Animais mal compreendidos e temidos pela maior parte de nós, os tubarões são na verdade seres extraordinários, com uma evolução com cerca de 450 milhões de anos, muito para além da existência dos dinossauros, das árvores e do ser humano.
Sobreviventes de pelo menos cinco grandes extinções em massa, os tubarões tiveram tempo suficiente para se adaptarem, evoluírem e adquirem atributos que fazem com que sejam “perfeitos” para o seu meio ambiente. Sendo uma evolução bastante madura, um predador de topo e um sobrevivente nato, os tubarões têm um segredo que faz inveja a qualquer ser: um sistema imunitário “perfeito”, quase invencível com propriedades curativas e regenerativas altamente eficazes. Mas não só.

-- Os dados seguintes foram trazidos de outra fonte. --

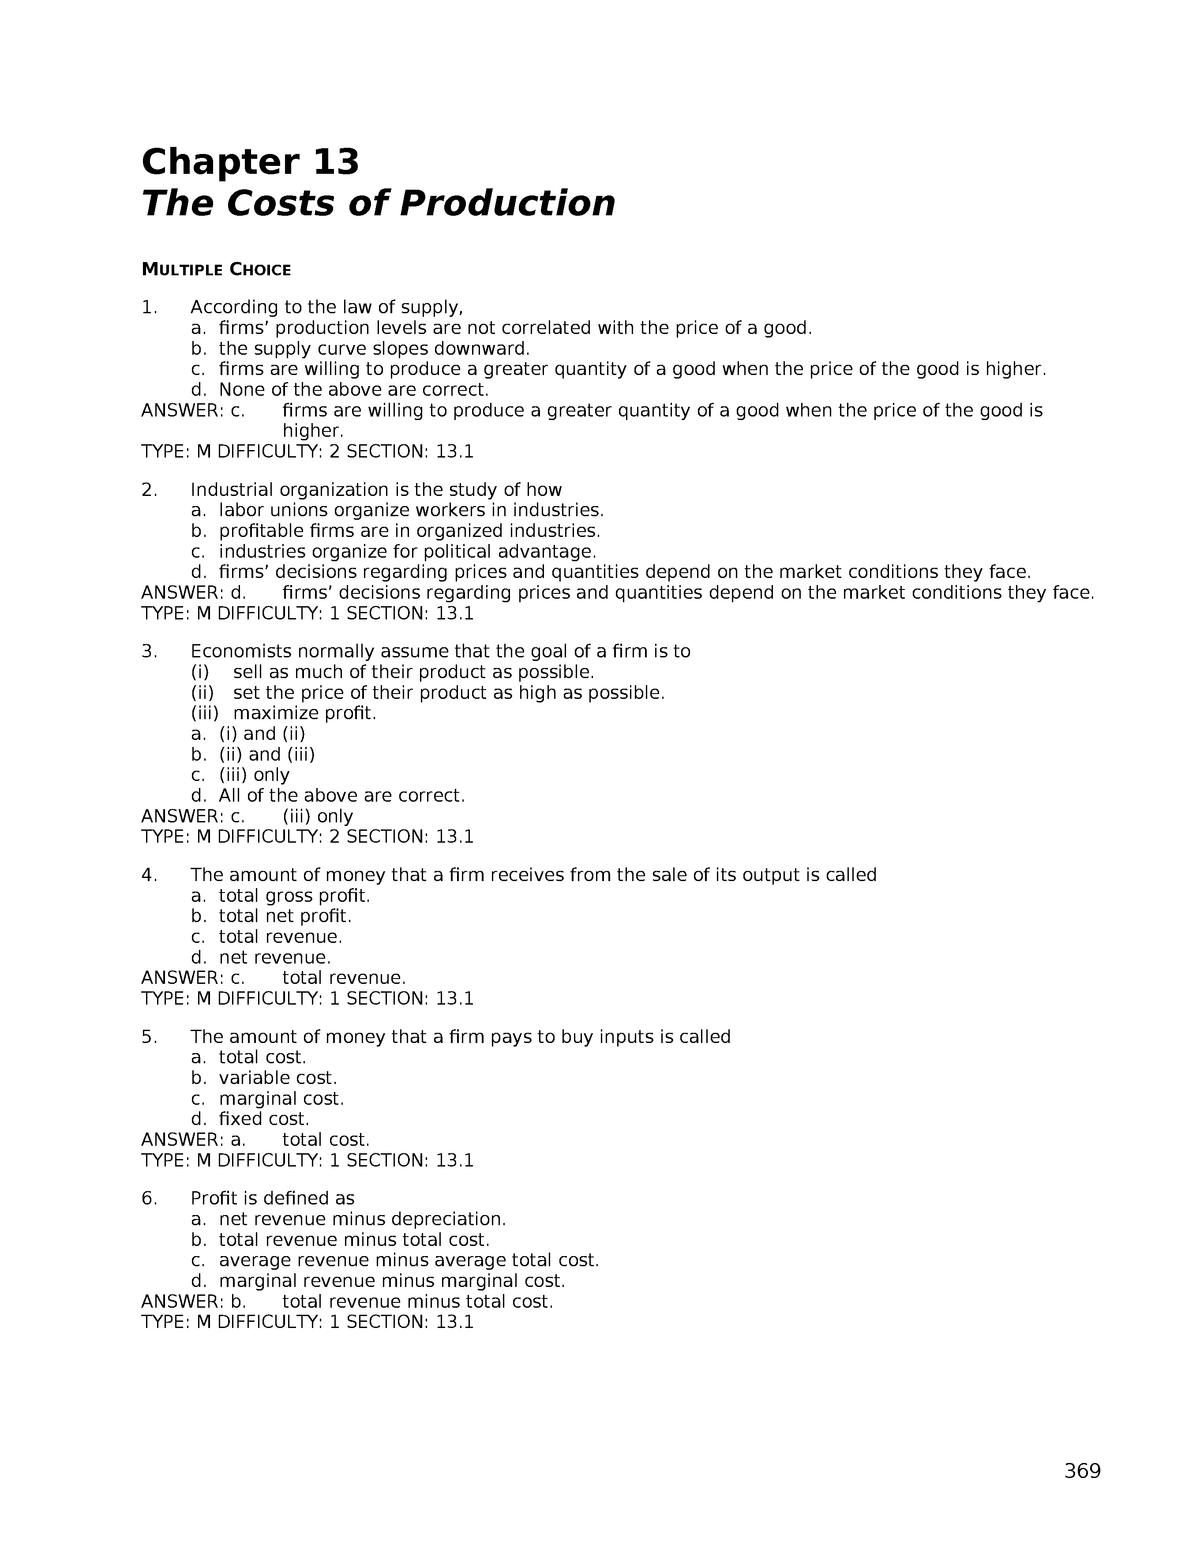 Calcul Salaire Net Québec >> Book Solution Principles Of Microeconomics Hubbard Chapter 13

Na verdade, os anticorpos dos tubarões são altamente eficientes a atacar doenças devido ao facto de os anticorpos serem extremamente pequenos, em comparação com um humano: são um décimo do tamanho de um anticorpo nosso, o que lhes dá a oportunidade de atacar a molécula da doença com mais eficácia e precisão. Além disso, conseguem neutralizar os vírus de uma forma muito simples: o vírus é desactivado e não se consegue reproduzir, o que acaba por neutralizá-lo e, consequentemente, provocar a sua morte. Isto faz o tubarão imune a doenças e vírus, como é o caso do SARS-CoV-2.
Além de muito raramente ficarem doentes, a pele dos tubarões é uma autêntica armadura, formada por dentículos dérmicos sobrepostos que fornecem uma barreira impenetrável a qualquer microorganismo. As suas propriedades hidrodinâmicas e organização resultam numa redução drástica da turbulência, conferem-lhe velocidade e, ao mesmo tempo, impedem as moléculas de se fixarem na pele, tal como uma película repelente. Nesta medida, pode afirmar-se que os vírus e as doenças perigosas para os seres humanos – como sofremos agora com a covid-19 – não representam problema nenhum para o tubarão, pondo o nosso sistema imunitário a um canto vergonhoso. Só por isso são seres extraordinários.
Tiveram cerca de 450 milhões de anos para aperfeiçoarem e evoluírem o seu organismo, enquanto o dos humanos é relativamente recente, com cerca de seis milhões de anos. É uma diferença incomparável.
Para realmente entendermos o quanto estes animais são “perfeitos”, vale a pena lembrar a sua natureza de peixes predadores possuidores de um esqueleto de cartilagem, semelhante ao nosso nariz ou orelhas. Isso dá ao tubarão uma diversidade de vantagens em comparação com uma estrutura de osso, fazendo com que sejam mais leves, rápidos e ágeis, o que acaba por consumir menos energia; além de que a cartilagem é muito resistente e elástica.
A constituição corporal dos tubarões é feita para velocidade, agilidade e optimização de energia, o que os leva a nadar quase por magia e sem esforço. A sua flutuabilidade deve-se ao enorme fígado que, cheio de óleo, representa cerca de 30% do peso total do tubarão, actuando, por isso, como uma espécie de bóia.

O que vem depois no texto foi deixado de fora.